Granted, (I don't know your specifics, but bear with me here) You just got fired from your job for taking too many days off for some crazy dancing NO NO WORD!!! party in the desert, your wife left you, she took the kids, your dog got ran over, your house was forclosed, and all those years of credit card debt led to the bank taking the majority of your savings. You don't have much left now, but you do have all the spare time you could imagine.
Granted, (I don't know your specifics, but bear with me here) You just got fired from your job for taking too many days off for some crazy dancing NO NO WORD!!! party in the desert, your wife left you, she took the kids, your dog got ran over, your house was forclosed, and all those years of credit card debt led to the bank taking the majority of your savings. You don't have much left now, but you do have all the spare time you could imagine. quote] This sounds awesome!
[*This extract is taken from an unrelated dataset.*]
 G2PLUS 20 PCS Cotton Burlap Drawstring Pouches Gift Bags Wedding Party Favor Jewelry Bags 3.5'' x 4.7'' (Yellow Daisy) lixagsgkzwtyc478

Wish granted you are now a swiss acrobat. But in the way of Old Swiss Confederacy of acrobatry, the true way to relax for shows is with anal stimulation and seeing how you are from America, according to Swiss law, this stimulation is must be done by a member of the primate species of Hairy-eared Dwarf Lemurs.
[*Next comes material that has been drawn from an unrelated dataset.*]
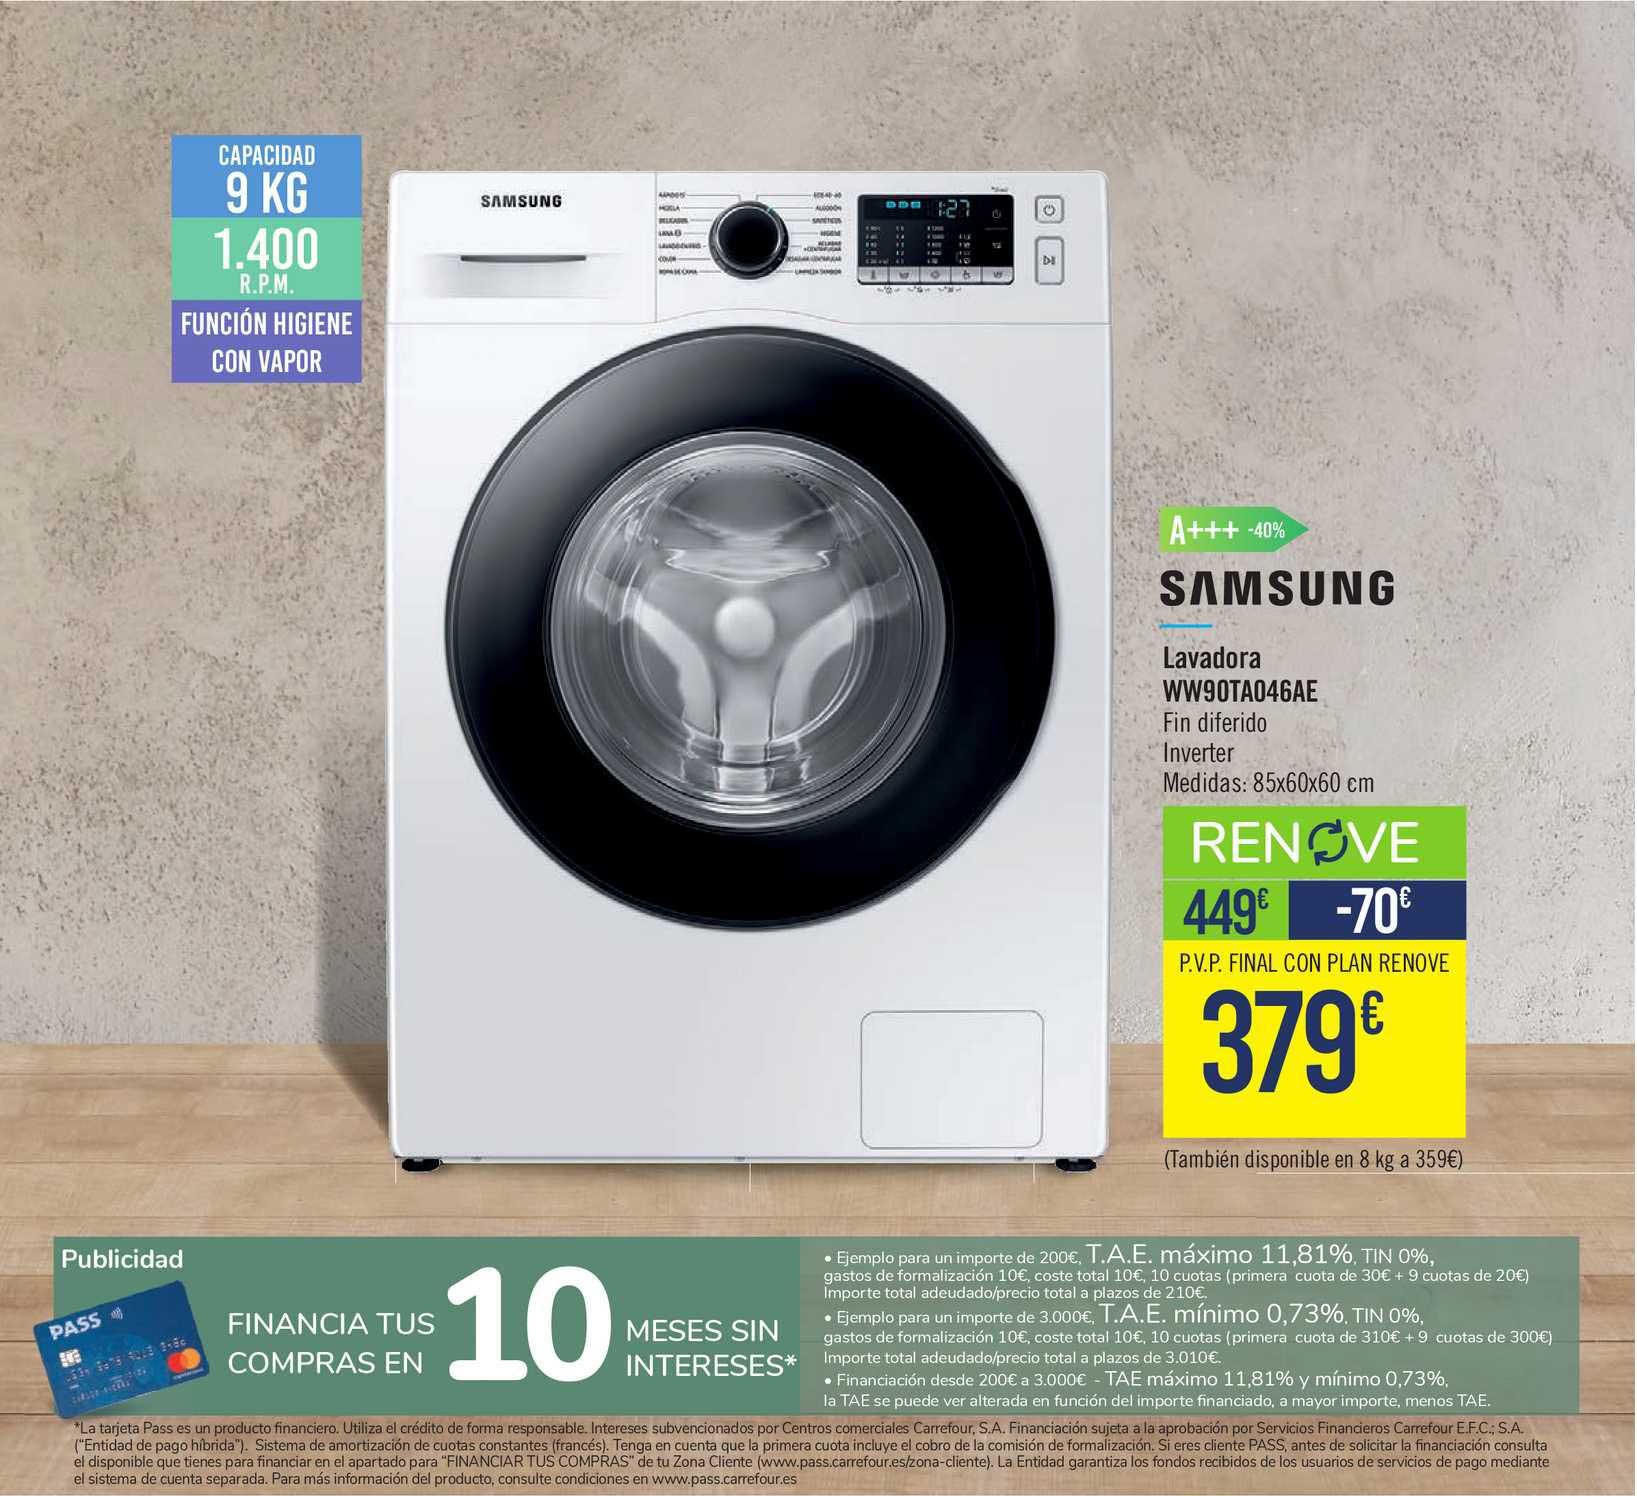 Carrefour Samsung Lavadora Ww90ta046ae

Wish granted...but since you didn't specify in which capacity, Sarcastic Genie has placed you in Switzerland where you're hot, you're in demand, you're shared by several gorgeous babes who devour you and lick their lips for more...but you can't enjoy the experience because you're a bowl of yummy, tasty, chocolate fondue in a trendy restaurant where everybody at the table dips pieces of fruit and cheese into you. (Sarcastic Genie has wicked sense of humor, huh?)
I wish I were going to Voodoo Fest w/LLL, superfurryanimal & Vector Viking.
Granted holls, The entire attendance consists of just the four of yall. With ticket sales down to record lows, they must make some cuts to line up and attractions. No vendors, no bathrooms, no food, no lighting or sound techs, no security, but hey at least you get front row for their only performance - All they can afford is one 30 minute acoustic set by GWAR.
I wish Popsicle Sarah gets better today and can enjoy her trip to see her superhappyfuntwin
Wish granted, fun, I mean super fun is had by all. The Mexican food eaten for lunch was the best Mexican food ever, but it was Mexican food. The pressure building up in her digestive track is at explosive levels. It is code red in her colon! Someone tells a funny and Popsicle Sarah laughs extra hard, so hard her anal sphincter can't help its self, the pressure is too much, and like a cannon, "KABOOM!!!", code red goes to code brown. Liquid brown Mexican stool fills her undergarments, her pants are ruined. It seems like the day is wasted, until someone says, "Thank god she was not on her way to a job interview." Everyone laughs and forgets about the wet dookie filled drawers.
I wish when someone is executed, it be done in the town square and not behind closed doors.
granted -- you quickly buy a plane ticket to nashville and drive to the airport only to find yourself (and your body cavities) searched by a large, disgruntled TSA worker who finds some sort of illegal substance and you miss the most epic roo yet!
Wish granted, you are stuck on an Island in the middle of the ocean, but it is one of those cartoon Island, the one that is about twice the size of my kitchen table, with one palm tree and nothing else. Maybe a shark fin swimming around your Island.
I wish radio stations would play, Forever in Blue Jeans, by Neil Diamond more often.
Granted, the song's popularity increases dramaticly, and with a capitalist mindset, Neil Diamond decides to "Re-Release" the song, guest staring Ke$ha and the Followill brothers. The new version of the song is a worldwide sensation, and many people consider it the greatest song ever. Every FM radio station on the planet will play this song no less that 12 times daily, it will be in nearly ever major movie for the next 10 years, and will be used on countless tv shows.